Many mammals are unknown to the public because of their activity patterns and life history traits. The vast majority of mammal species worldwide are nocturnal, like the porcupine shown at right, or crepuscular (most active at dawn and dusk), as in white-tailed deer
. Only a few wild mammal species are primarily diurnal (active during the day) such as tree squirrels.

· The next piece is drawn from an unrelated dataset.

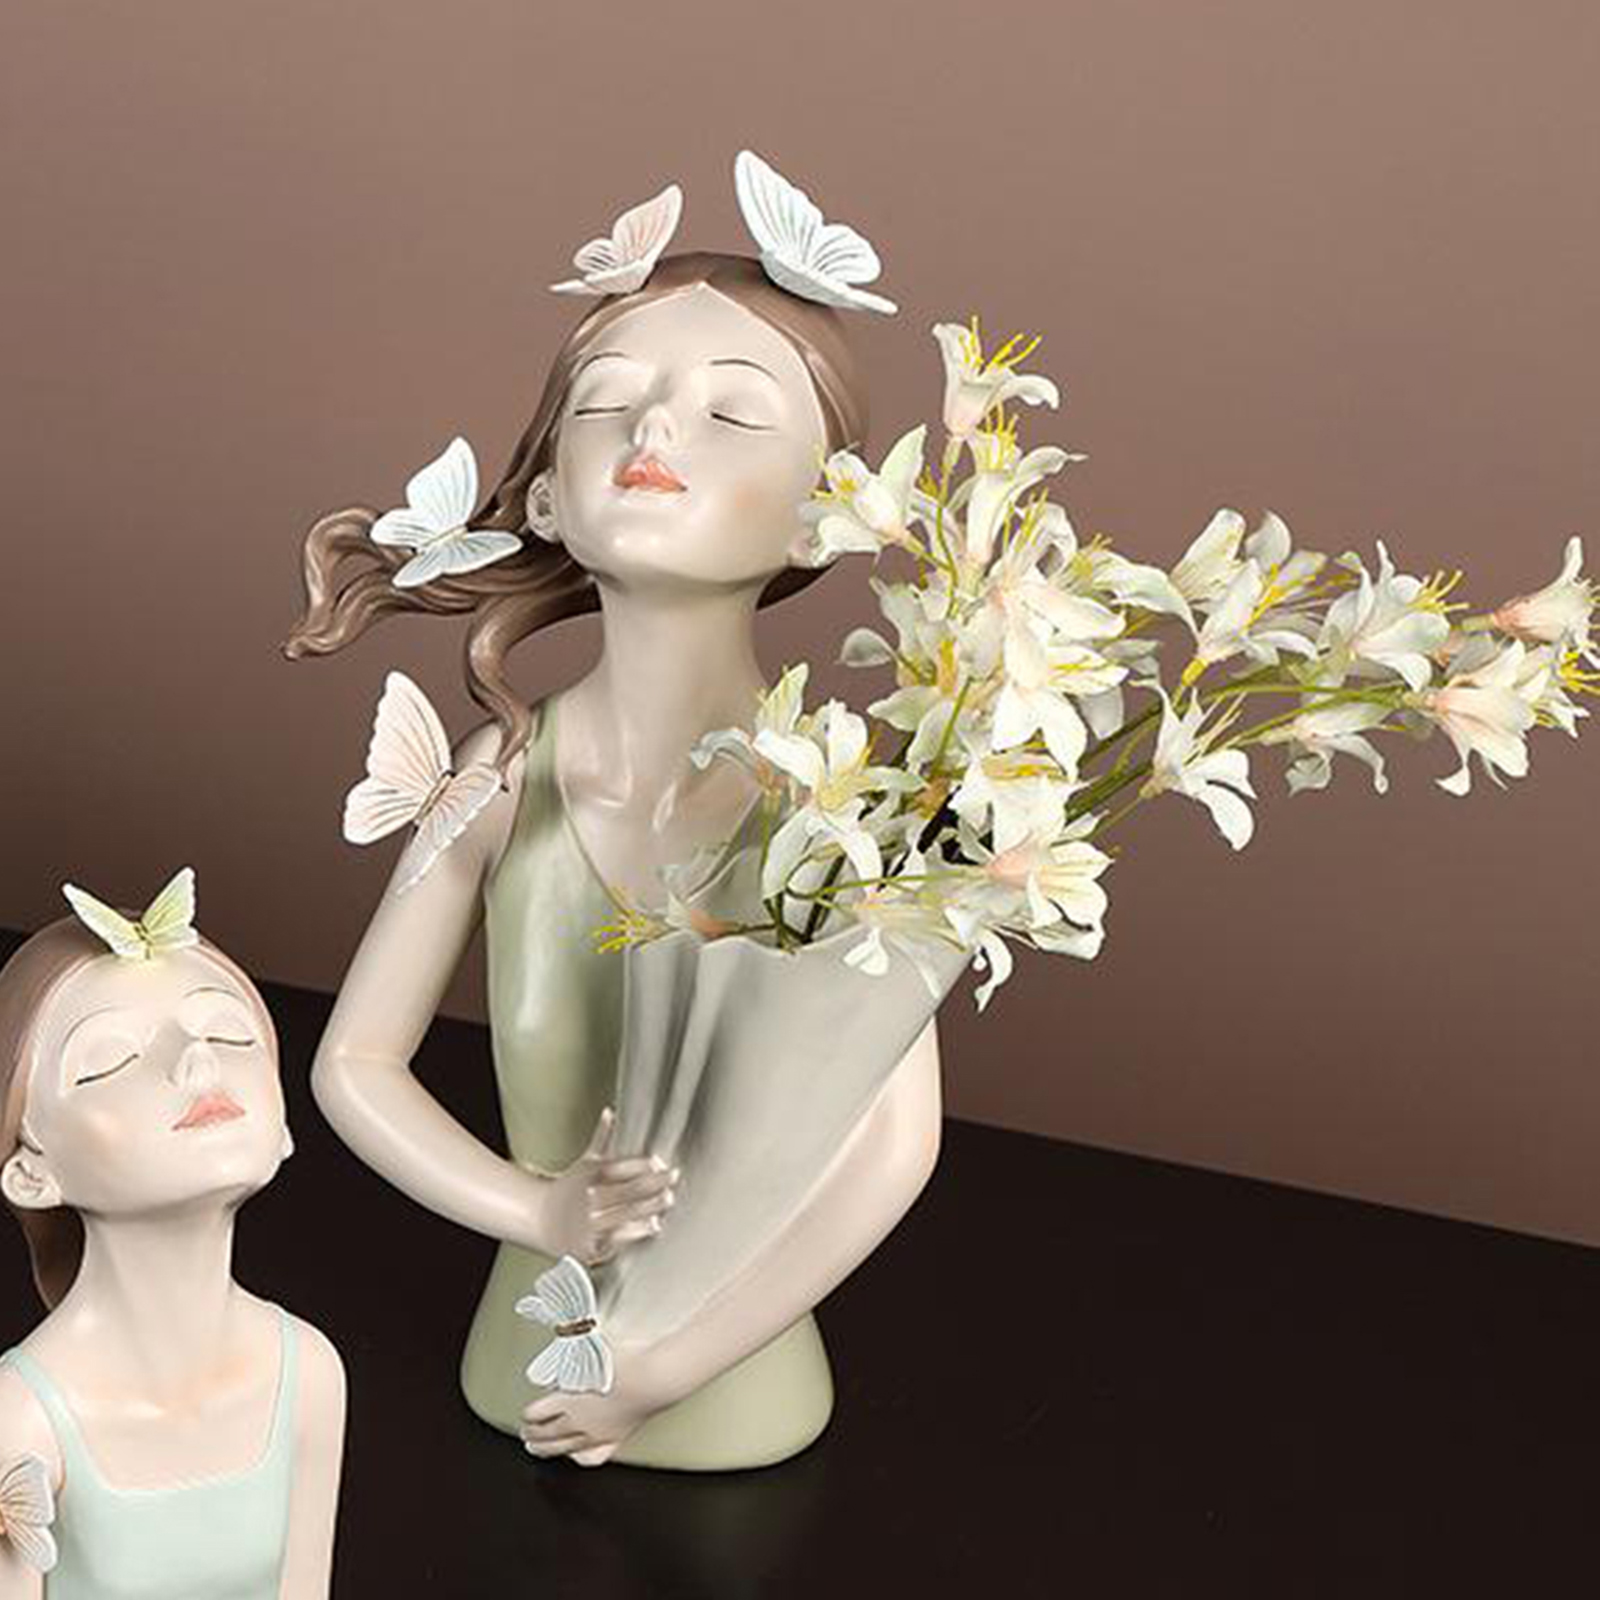 Bình hoa cô gái Tượng bình hoa cô gái Benzaiten bằng nhựa Plastic cao cấp nhiều kiểu dáng, giá siêu rẻ - F20Beauty - Phong cách hiện đại
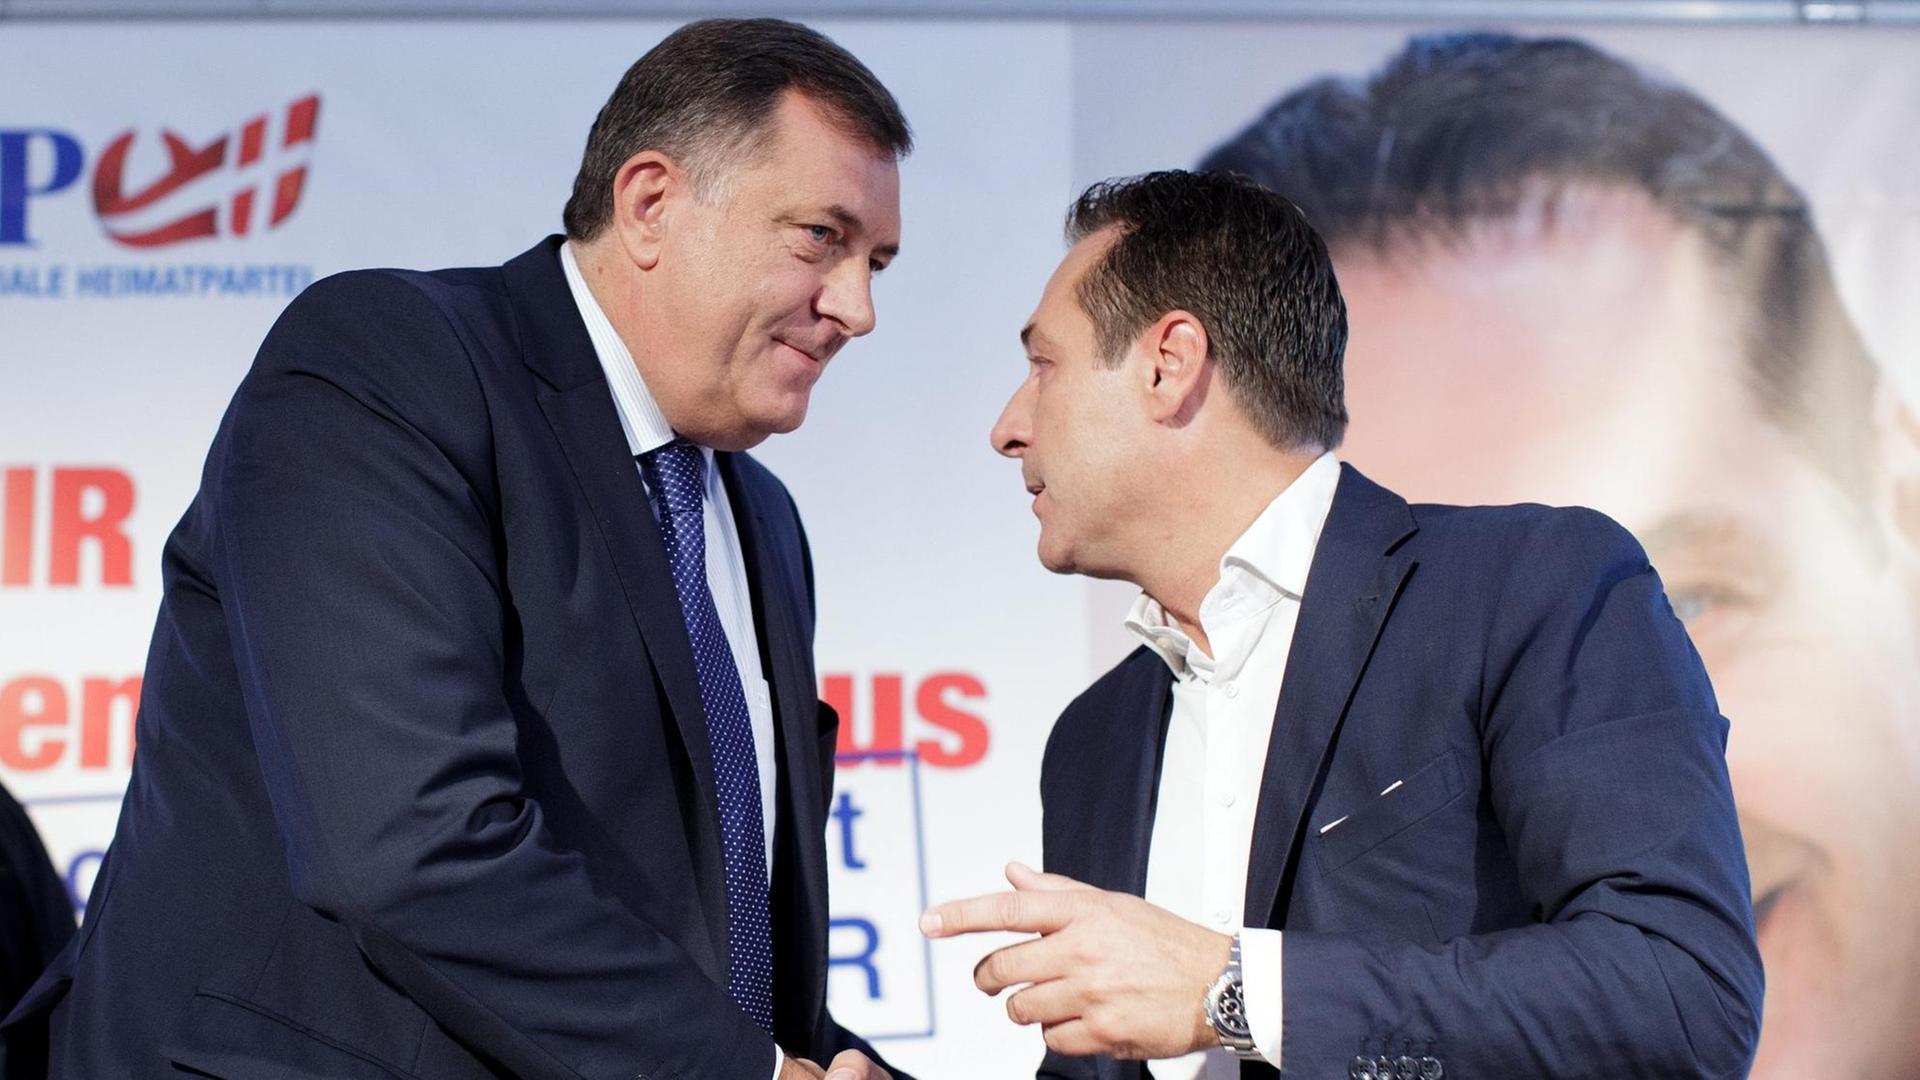 Der Präsident der Republika Srpska, Milorad Dodik und der Vorsitzende der FPÖ, Heinz-Christian Strache, schütteln sich bei einer Pressekonferenz die Hände.

Porcupine, Erethizon dorsatum
Striped skunk, Mephitis mephitis
Mammals exhibit incredible diversity. They range in size from the tiny pygmy shrews of North America and bumblebee bats of Thailand, which weigh as little as 2 grams (the same as a single M&M candy!) to as much as 200 tons (~181,000 kg, or 90,500,000 times the weight of a bumblebee bat!). Mammals are found across the globe in all continents (except there are no terrestrial mammals in Antarctica but whales frequent the coastal waters). Mammals are capable of true flight (the bats), fully aquatic lifestyles (whales and manatees), living in trees (squirrels, monkeys), living underground (mole rats and gophers), and all manner of habitats in between. Their diet may be specialized for seeds, leaves, fruit, nectar, blood, insects, fish, or terrestrial vertebrates. Many mammals are omnivorous, meaning that they will consume a wide variety of foods.

Mammals may be mostly solitary, live in colonies, social groups, or be truly eusocial (as in naked mole rats). Some mammals migrate long distances annually, while others never make any migratory trips.